Волчий мир. Трилогия (СИ) - Даль Дмитрий. Страница 95

Переступив невидимую границу, Серега был тотчас остановлен двумя рыцарями. Они появились словно бы из‑под земли и заступили ему дорогу. Таких медведей ни обойти, ни подвинуть. Ничего не оставалось, как нагло уставиться в глазные прорези и заявить:

– К воеводе!

С тем же успехом Серега мог требовать аудиенции у папы римского. Великаны даже с места не сдвинулись. Но вот из‑за их спины выглянул личный секретарь воеводы по имени Ключ.

– Пропустите. Воевода ждет сотника, – распорядился он.

Медведи разошлись в стороны. Стало сразу как‑то просторно и легко на душе. Серега прошел между двух столбов с опаской, а вдруг их как‑то переклинит, и накинутся, словно Сцилла и Харибда, но рыцари продолжали притворяться истуканами.

Одинцов направился вслед за Ключом к стоянке воеводы.

Серега сразу понял, что воевода недоволен решением сотника.
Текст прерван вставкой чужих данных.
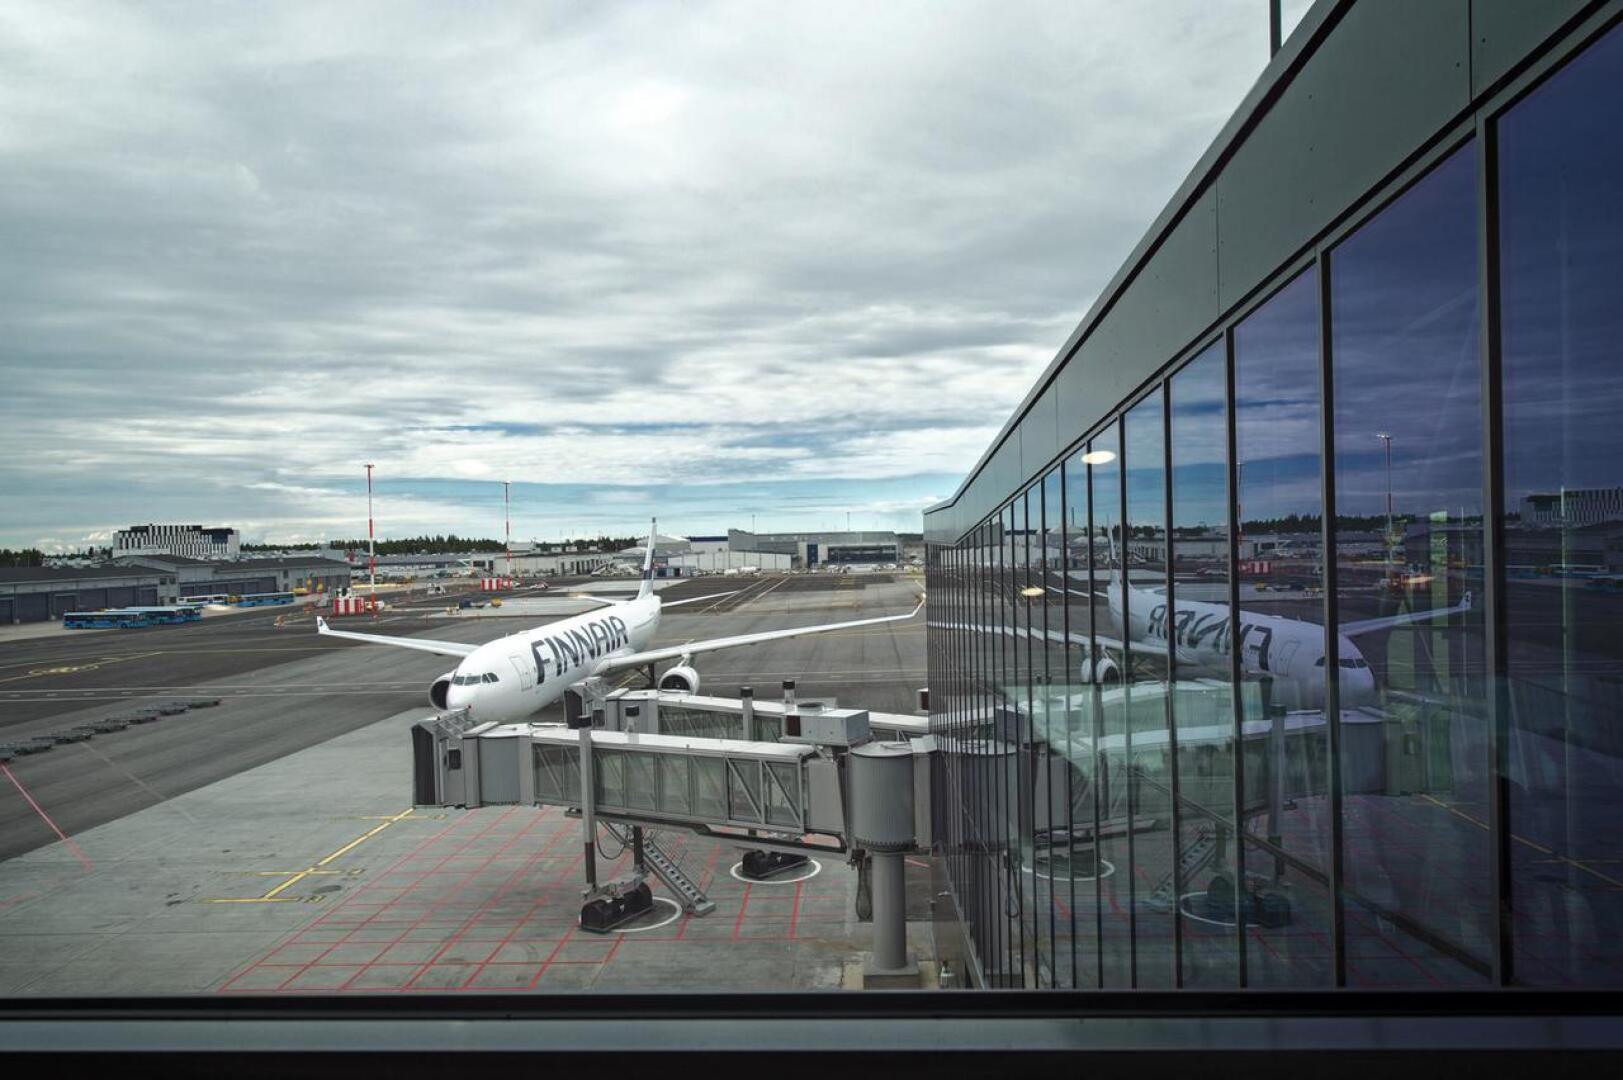 Finnairin kone ilmoitti lennon aikana, että koneen nokkatelineessä on vikaa. Kyseessä on sentyyppinen vika, josta tehdään prosessinmukaisesti aina hälytys. Kuvan kone ei liity tapaukseen (arkistokuva).

Это чувствовалось в общей гнетущей атмосфере, повисшей над поляной. Приблизившись к Глухарю, Одинцов замер, не осмеливаясь первым нарушить молчание. Ключ куда‑то сразу исчез, правда вскоре вернулся с подносом, на котором стояли два железных кубка, наполненных вином.

– Угощайся, Волк, – произнес воевода, принимая свой кубок из рук Ключа. – И за хорошим вином расскажи мне, зачем тебе понадобилась эта несчастная деревня.

Серега не стал отказываться от вина. Когда воевода угощает, лучше с ним не спорить. Отхлебнув из кубка, он с трудом удержался от гримасы. Вино кислющее, и где только Глухарь берет такую бурду.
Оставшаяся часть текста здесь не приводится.